SMART: Usage Within Big Clusters

In the past I have mentioned the SMART (Self-Monitoring Analysis and Reporting Technology) system included in virtually all modern hard drives. SMART capable hard drives have added intelligence in the firmware to monitor the drive and to attempt to detect hard drive failures. Also, SMART Capable drives can perform various types of self-tests which are very useful for diagnostics as well as monitor the temperature of the hard drive (note: not all hard drives report the same information). There is a nice package for Linux, called smartmontools, that allows you to access the SMART information and to run self-tests on SMART capable drives to help detect drives that are failing.

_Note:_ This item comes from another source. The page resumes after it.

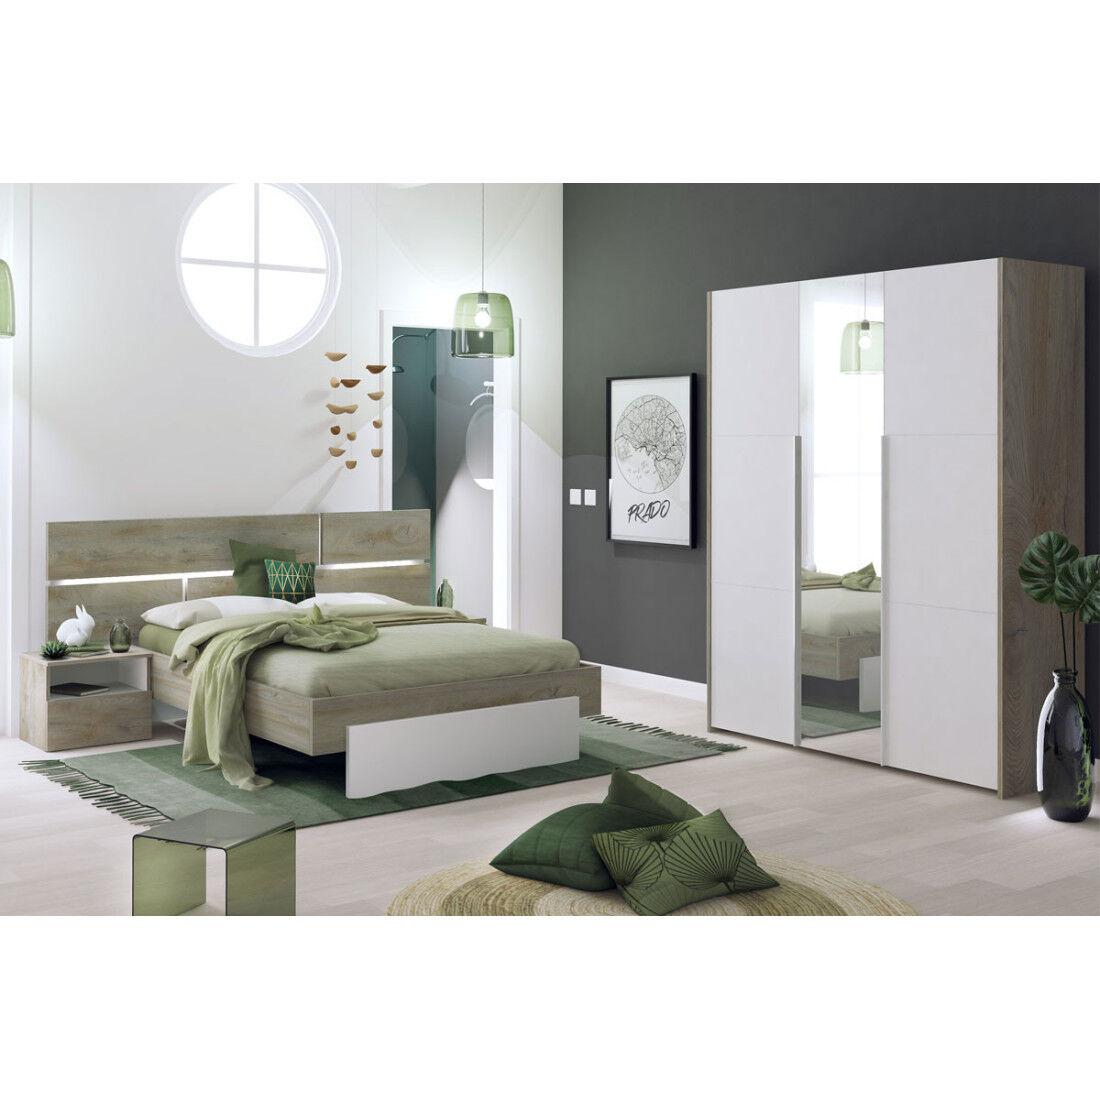 Tousmesmeubles Chambre Adulte Complète (180*200) - FLORINE n°1 - L 220 x l 208 x H 40/102

On February 14 of 2004, Konstantin Kudin asked if anyone was using SMART monitoring of IDE drives in big clusters. He was curious how often SMART was able to give some kind of warning of a failing drive within 24 hours of failure. Steve Timm responded that they had been using SMART monitoring tools on their cluster and SMART was able to predict failure about 50% of the time. Steven seemed very happy with this number.

Joe Mack posted a question about how one can get information out of smartd (the daemon in smartmontools). Steve Timm replied that they were using an older version that didn't have smartd and just used a cron script to run a short test every night and capture the output to a file. Steve also said that they were probably going to switch over to using smartd and an agent that is already grep-ing through /var/log/messages to capture the SMART information.

Felix Rauch posted that he was using smartmontools as well and had a few troubles grep-ing though the system logs, particularly when the logs rotate. He now uses a simple setuid-root program to monitor temperatures on the drives. Daniel Fernandez also mentioned that it's possible to have smartd write to a file other than the system logs and check it regularly for temperature. He also mentioned that you can have smartd run a script if a problem develops.

Jeff Layton has been a cluster enthusiast since 1997 and spends far too much time reading mailing lists. He can found hanging around the Monkey Tree at ClusterMonkey.net (don't stick your arms through the bars though).